I tested that with 4 POST requests. Using combinations of Content-Type= {application/json, application/x-www-form-urlencoded} and combinations of valid JSON or form payloads. In no case did I see an error. The combination in which you reported an error was, passing  Content-Type of "application/x-www-form-urlencoded" with a JSON payload.  I saw no error in that case.

 

the results:

 

$ curl -i -H "Authorization: Bearer $TOKEN" https://$ORG-$ENV.apigee.net/validate-token-with-ctype-mismatch/t1 -d foo=bar -H "content-type: application/json"
HTTP/1.1 200 OK
Date: Thu, 14 Oct 2021 18:54:24 GMT
Content-Type: application/json
Content-Length: 23
Connection: keep-alive
APIProxy: validate-token-with-ctype-mismatch r1

{
    "status" : "ok"
}

$ curl -i -H "Authorization: Bearer $TOKEN" https://$ORG-$ENV.apigee.net/validate-token-with-ctype-mismatch/t1 -d foo=bar -H "content-type: application/x-www-form-urlencoded"
HTTP/1.1 200 OK
Date: Thu, 14 Oct 2021 18:54:40 GMT
Content-Type: application/json
Content-Length: 23
Connection: keep-alive
APIProxy: validate-token-with-ctype-mismatch r1

{
    "status" : "ok"
}

$ curl -i -H "Authorization: Bearer $TOKEN" https://$ORG-$ENV.apigee.net/validate-token-with-ctype-mismatch/t1 -d '{"foo":"bar"}' -H "content-type: application/x-www-form-urlencoded"
HTTP/1.1 200 OK
Date: Thu, 14 Oct 2021 18:54:55 GMT
Content-Type: application/json
Content-Length: 23
Connection: keep-alive
APIProxy: validate-token-with-ctype-mismatch r1

{
    "status" : "ok"
}

curl -i -H "Authorization: Bearer $TOKEN" https://$ORG-$ENV.apigee.net/validate-token-with-ctype-mismatch/t1 -d '{"foo":"bar","bang":"baz"}' -H "content-type: application/json" 
HTTP/1.1 200 OK
Date: Thu, 14 Oct 2021 19:02:35 GMT
Content-Type: application/json
Content-Length: 23
Connection: keep-alive
APIProxy: validate-token-with-ctype-mismatch r1

{
    "status" : "ok"
}

 

With a valid token, all combinations of payload and content-type header allow the "VerifyAccessToken to succeed.  With an invalid token, the policy throws a fault.
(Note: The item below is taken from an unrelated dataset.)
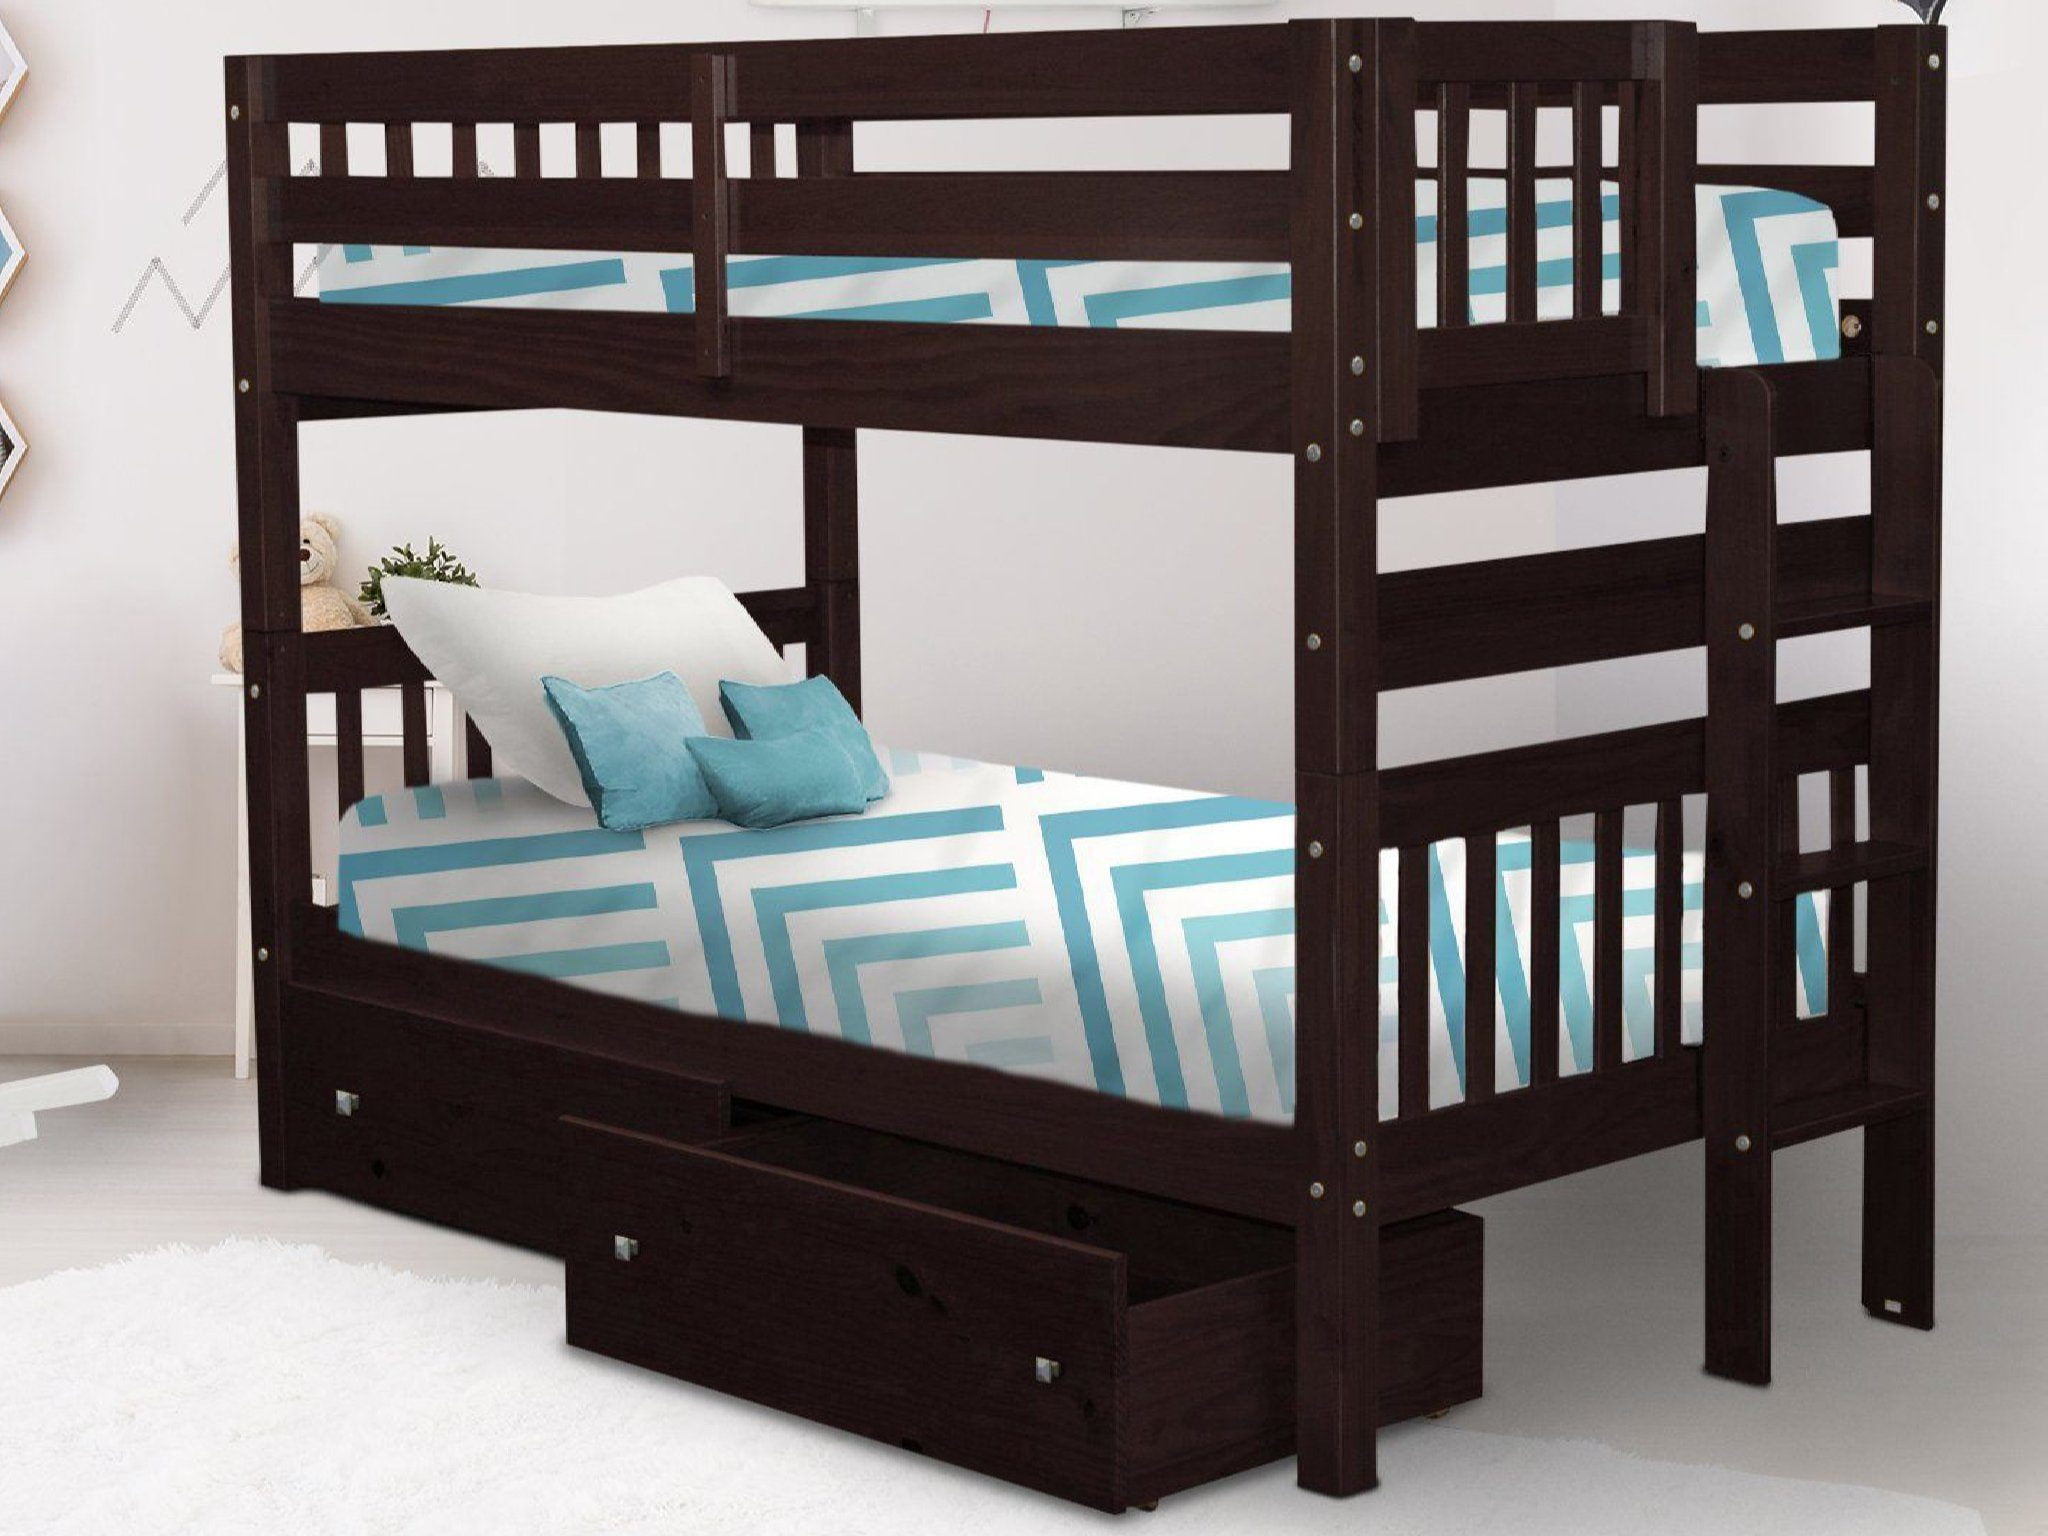 Bedz King Bunk Beds Twin Over With, Brazilian Pine Bunk Bed

This all seems to be in accordance with expected behavior.  

I have attached my proxy here. 

If you can reproduce the problem, please provide specific instructions and an example API proxy. 

 

Sorry, I left out an important bit of information. The requests that were failing did have illegal/un-encoded characters for "application/x-www-form-urlencoded" but were legitimate for application/json. I believe the offender was '%'. So, they created valid json, sent it with the wrong content-type, and then the oauth policy threw an error. The request was definitely bad, I am just surprised that the oauth step is the one which fails. In my example, I'm able to toggle the error by changing the Content-Type header. I'm going to try replicating using your proxy.

Still curious as to why the oauth policy was having an issue with the invalid/unencoded characters. Perhaps because of support for oauth tokens as form parameters?